30. Substring with Concatenation of All Words

You are given a string s and an array of strings words of the same length. Return all starting indices of substring(s) in s that is a concatenation of each word in words exactly once, in any order, and without any intervening characters.

You can return the answer in any order.

Example 1:

Input: s = "barfoothefoobarman", words = ["foo","bar"]
Output: [0,9]
Explanation: Substrings starting at index 0 and 9 are "barfoo" and "foobar" respectively.
The output order does not matter, returning [9,0] is fine too.

Example 2:

Input: s = "wordgoodgoodgoodbestword", words = ["word","good","best","word"]
Output: []

Example 3:

Input: s = "barfoofoobarthefoobarman", words = ["bar","foo","the"]
Output: [6,9,12]

Constraints:

• 1 <= s.length <= 104

• s consists of lower-case English letters.

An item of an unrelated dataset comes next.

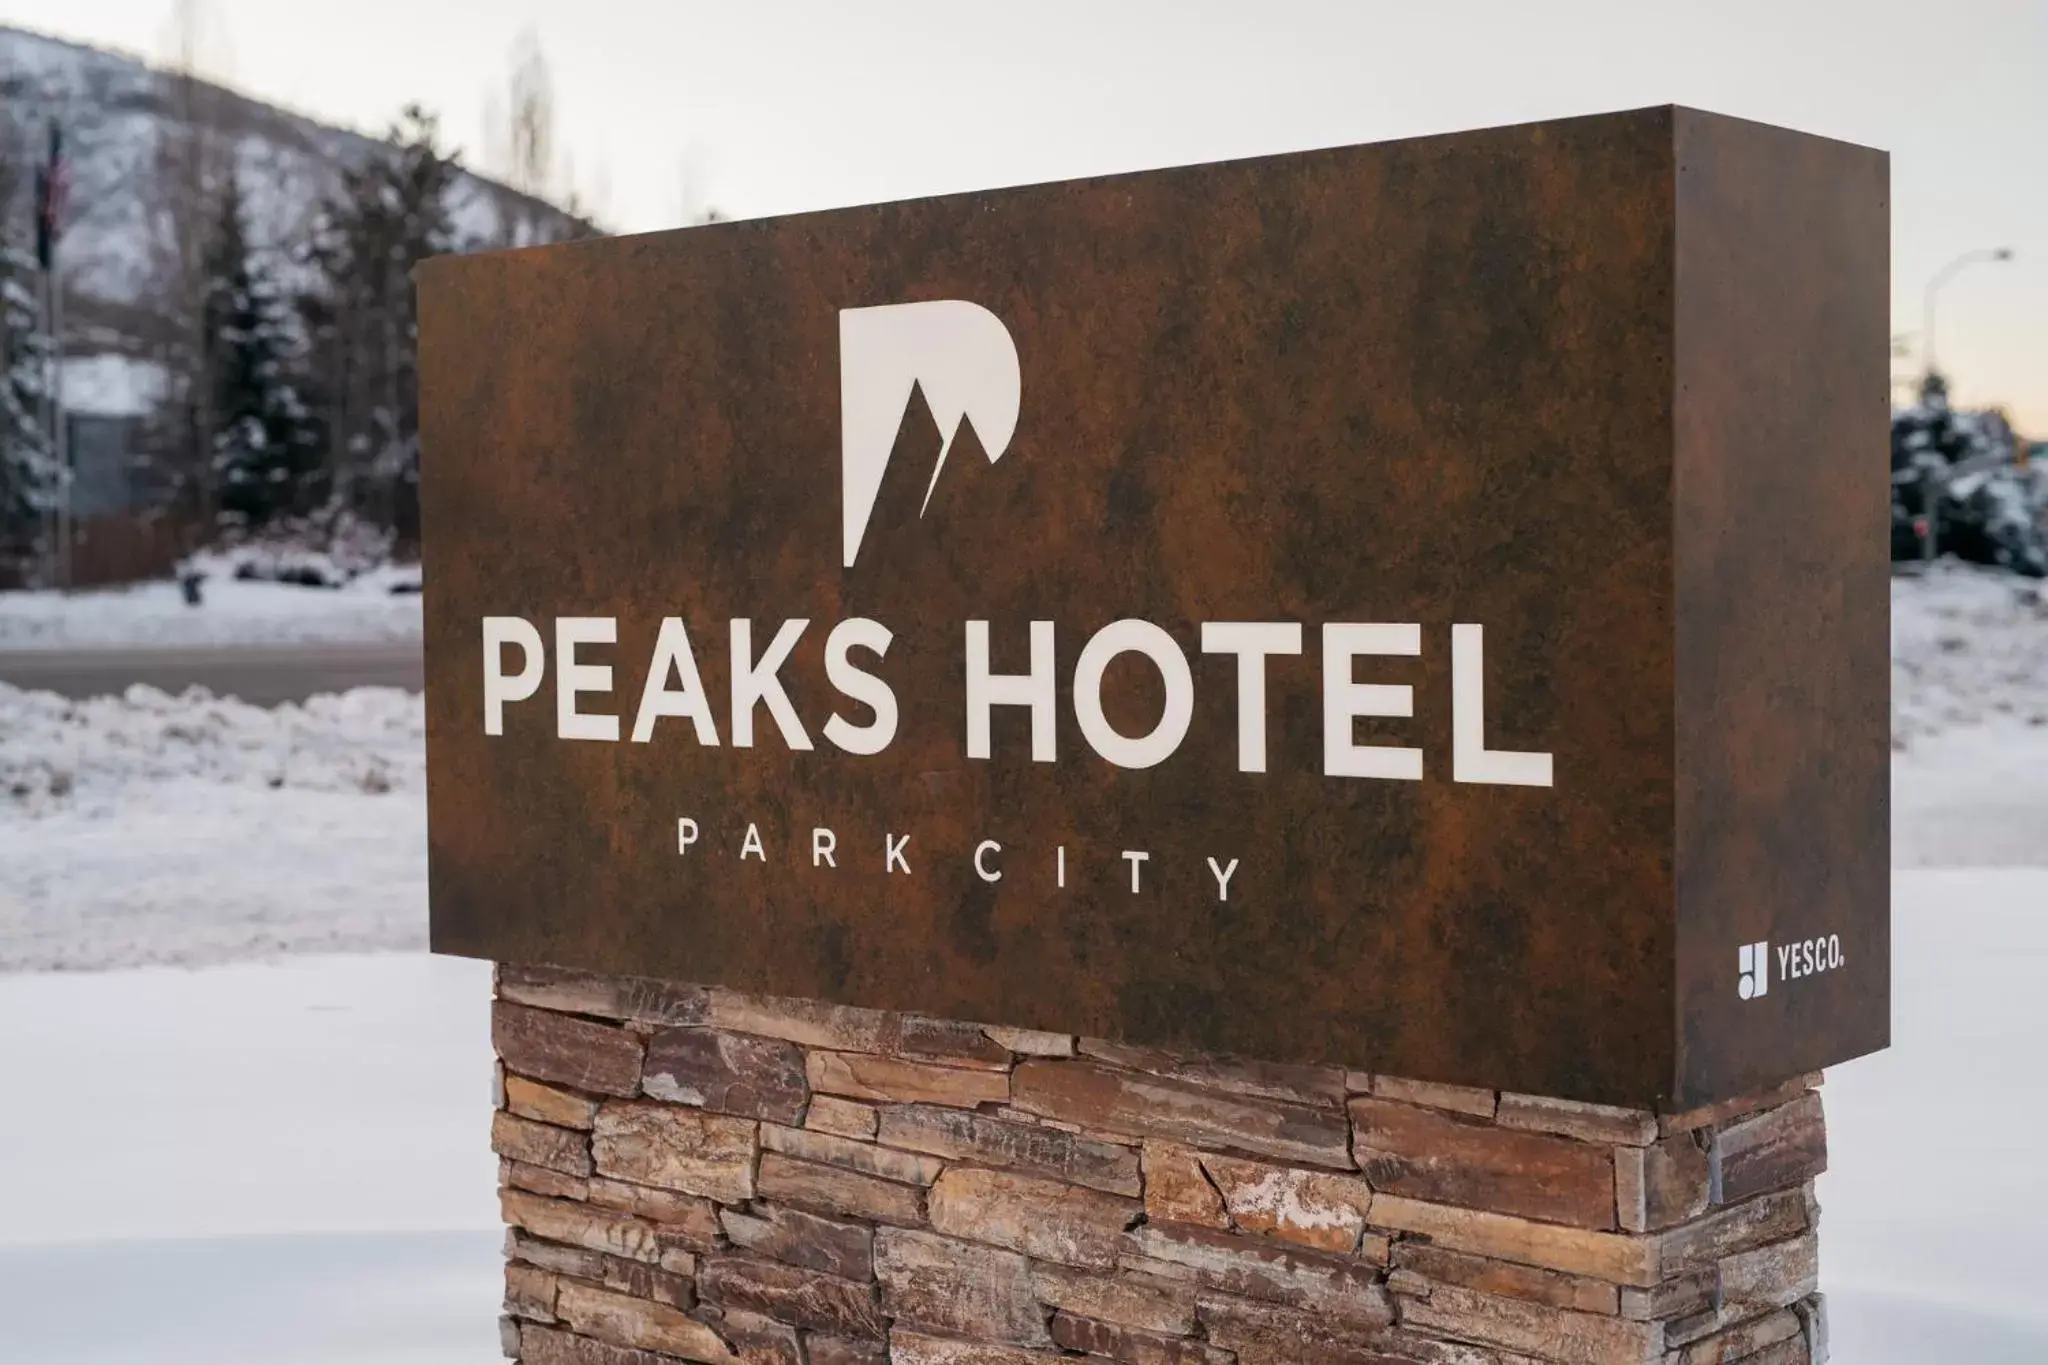 Property logo or sign in Park City Peaks

• 1 <= words.length <= 5000

• 1 <= words[i].length <= 30

• words[i] consists of lower-case English letters.

Solution:

class Solution {
    public List<Integer> findSubstring(String s, String[] words) {
        final Map<String, Integer> counts = new HashMap<>();
        for (final String word : words) {
            counts.put(word, counts.getOrDefault(word, 0) + 1);
        }
        final List<Integer> indexes = new ArrayList<>();
        final int n = s.length(), num = words.length, len = words[0].length();
        for (int i = 0; i < n - num * len + 1; i++) {
            final Map<String, Integer> seen = new HashMap<>();
            int j = 0;
            while (j < num) {
                final String word = s.substring(i + j * len, i + (j + 1) * len);
                if (counts.containsKey(word)) {
                    seen.put(word, seen.getOrDefault(word, 0) + 1);
                    if (seen.get(word) > counts.getOrDefault(word, 0)) {
                        break;
                    }
                } else {
                    break;
                }
                j++;
            }
            if (j == num) {
                indexes.add(i);
            }
        }
        return indexes;
    }
}